GIVEN MATERIAL:
==============================

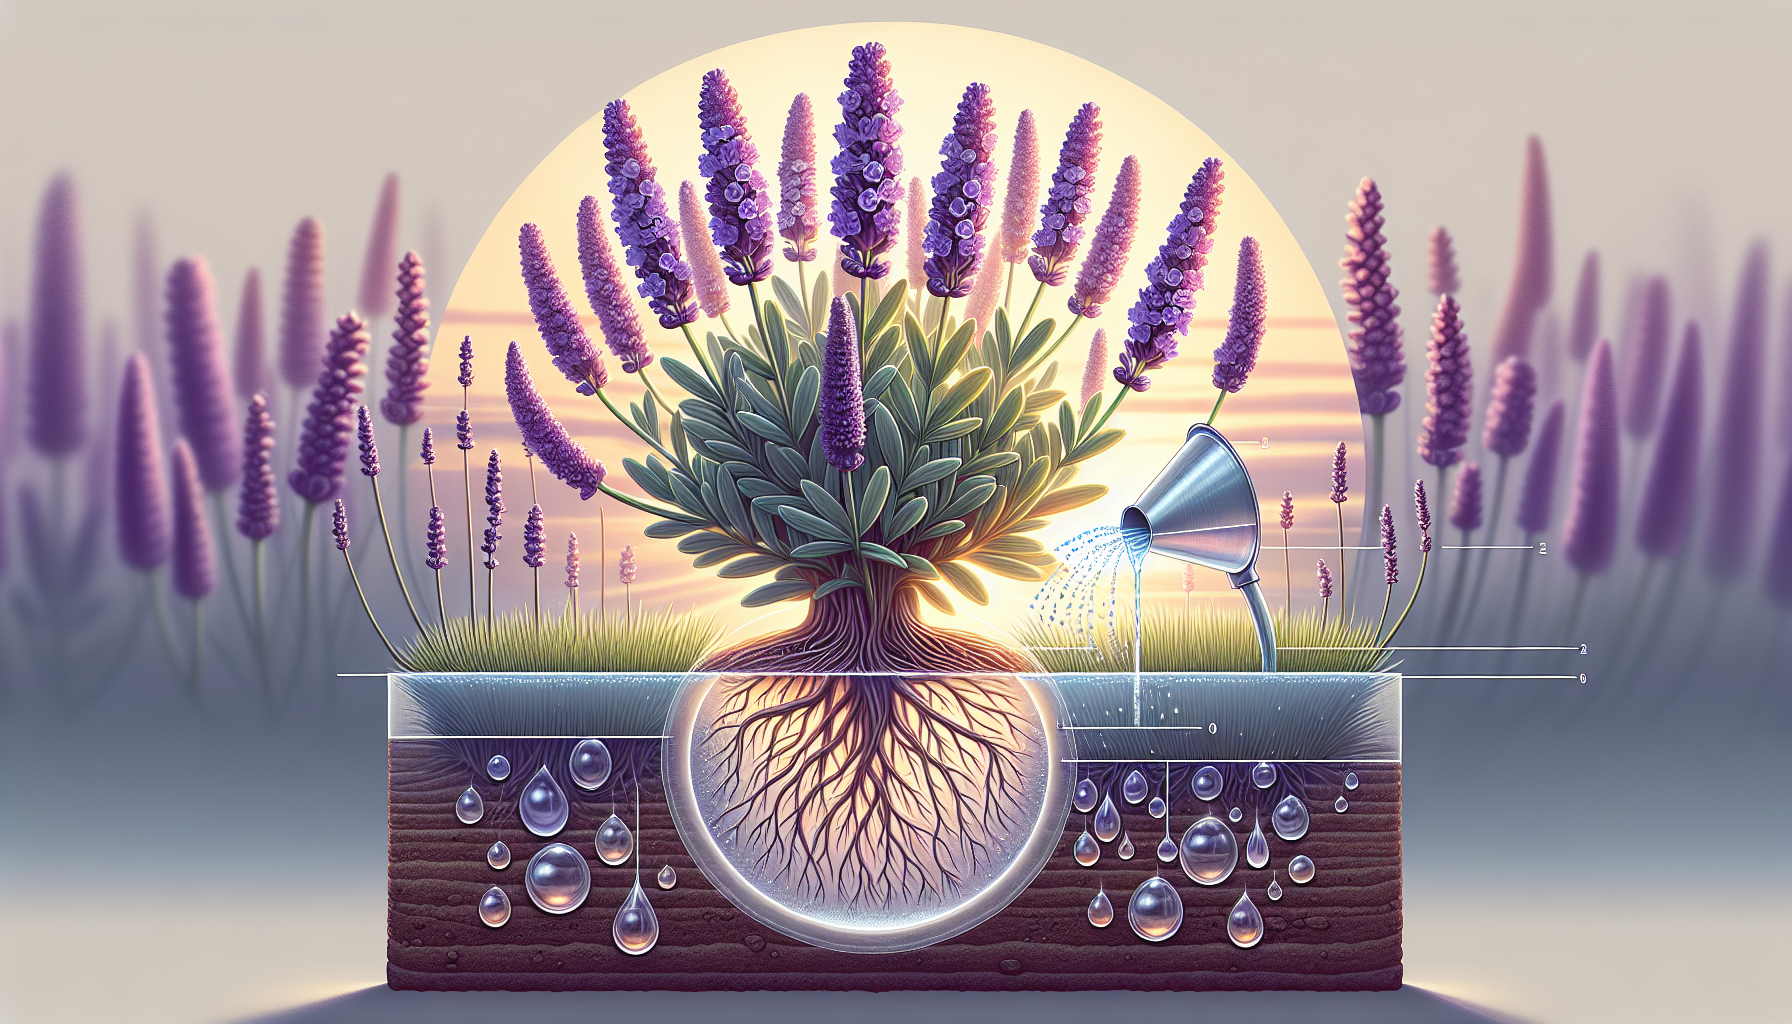 Illustration of proper watering techniques for lavender
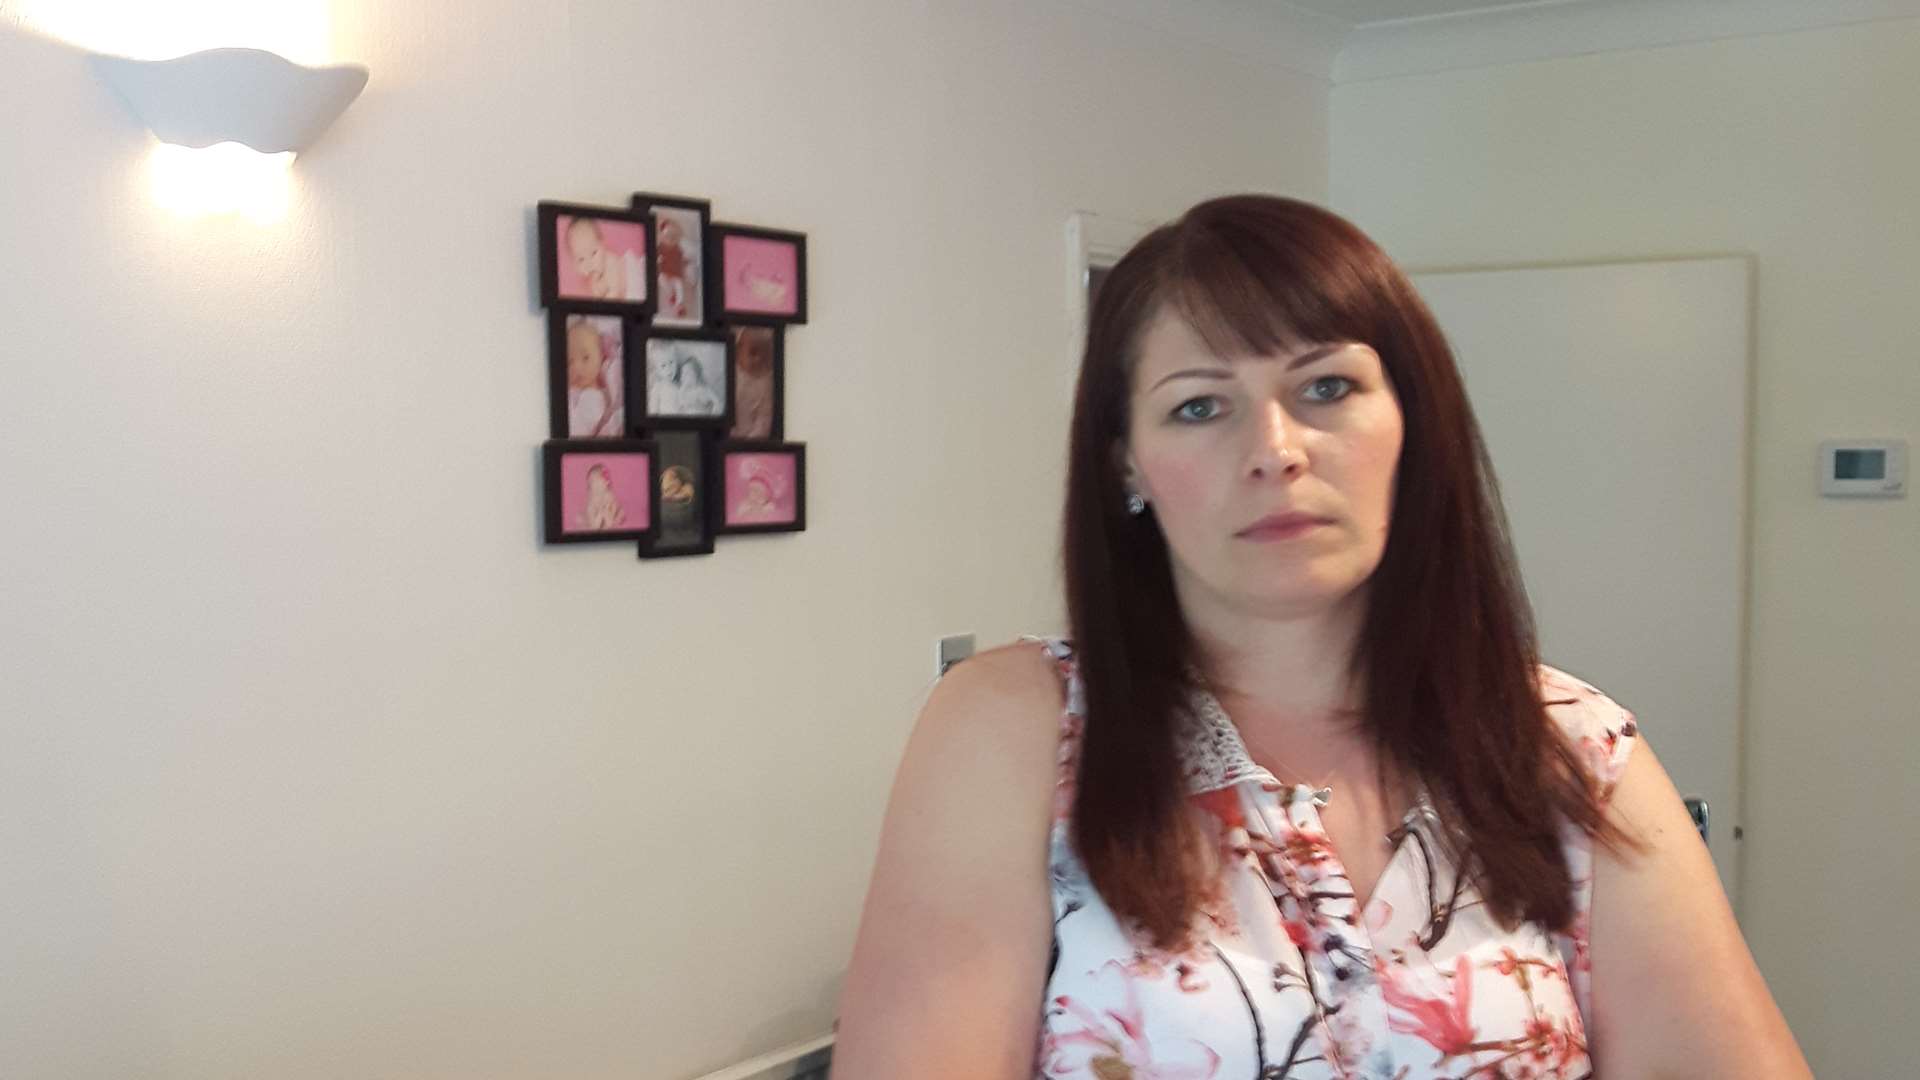 Emma Randle, who has had her childcare agreement with Kidsunlimited terminated
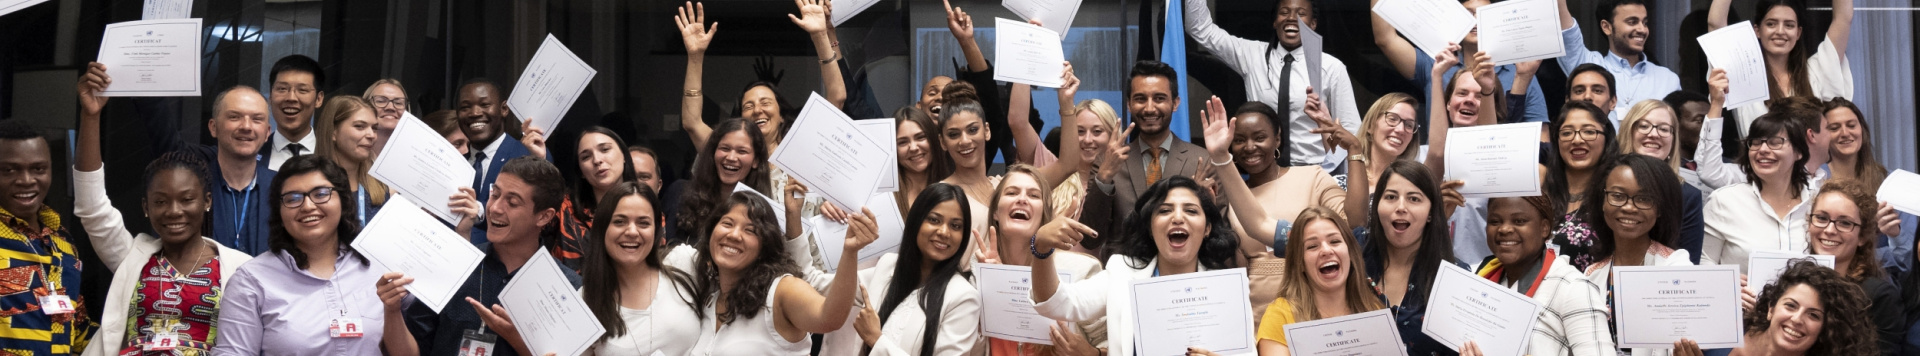 A group of students cheerfully showing their certificates
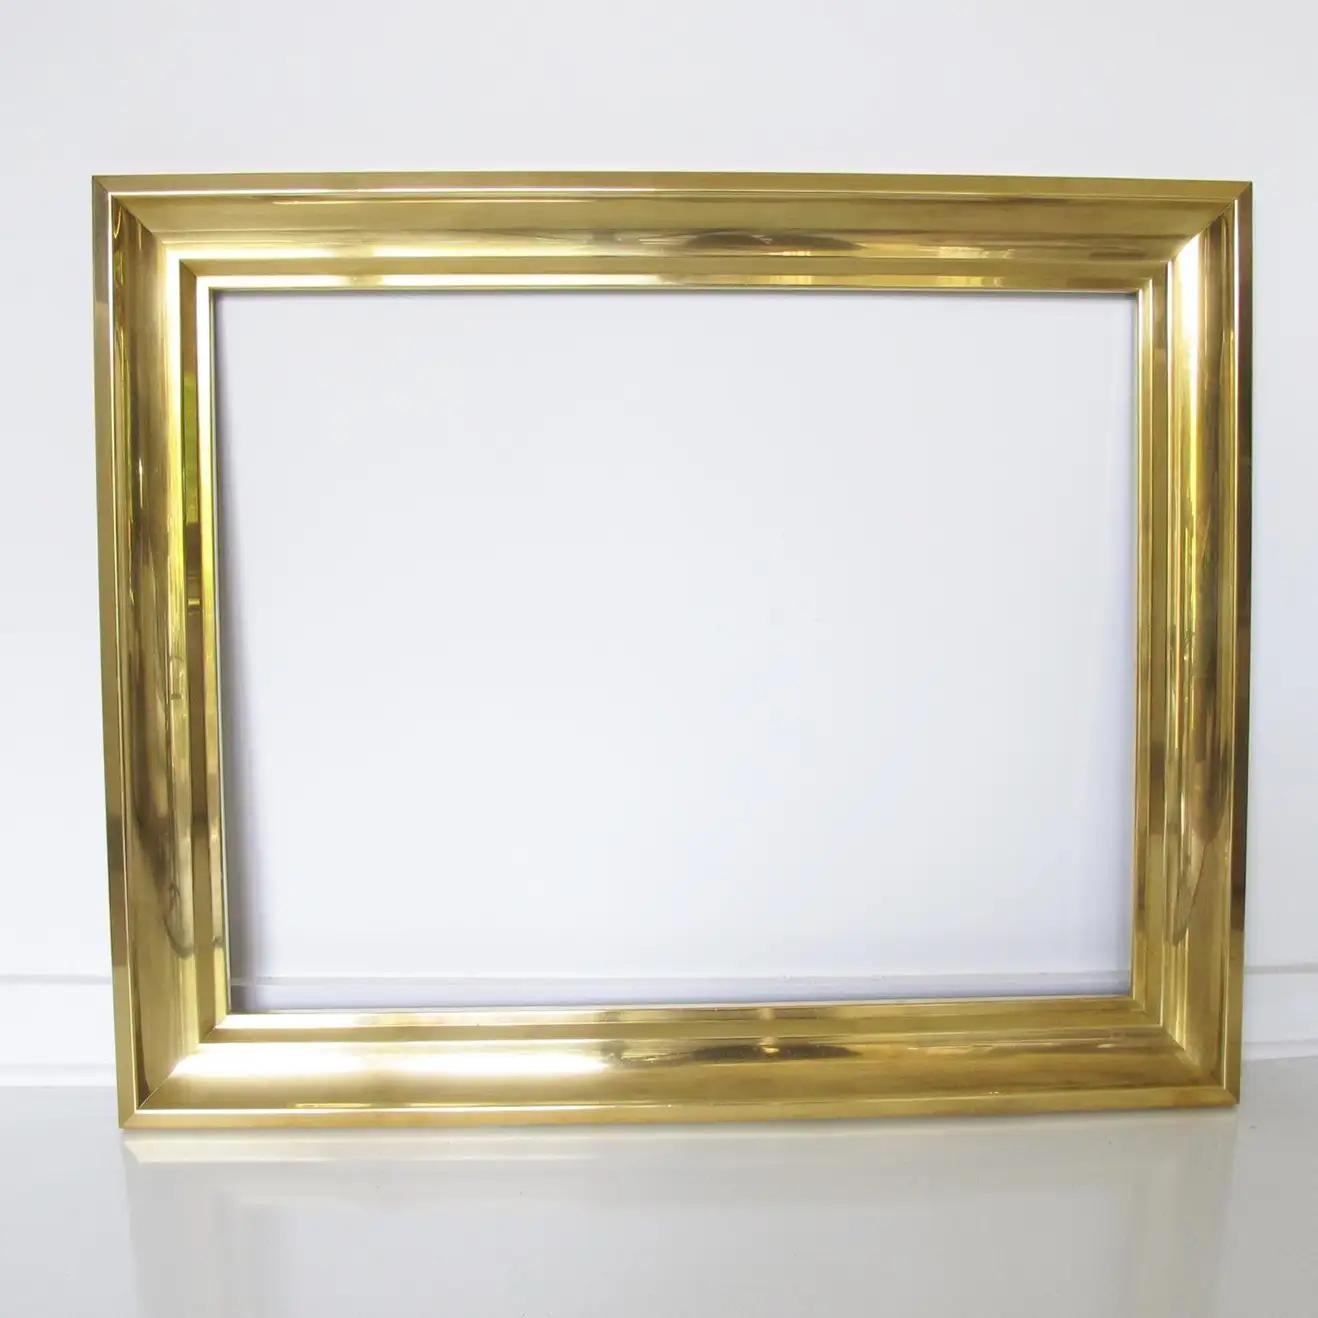 This French frame in polished brass dates from the 1940s. It will be perfect to include a painting, a drawing, a lithograph, a mirror, or any other DIY decoration. Its rectangular shape can be hung in portrait or landscape positions. The frame is

==============================

WORK TASK:
What you output must be exactly the lines from the line with "A group of students" through the last line of the listing, pictures excluded.

REPLY TO THE TASK:
 A group of students cheerfully showing their certificates
 This French frame in polished brass dates from the 1940s. It will be perfect to include a painting, a drawing, a lithograph, a mirror, or any other DIY decoration. Its rectangular shape can be hung in portrait or landscape positions. The frame is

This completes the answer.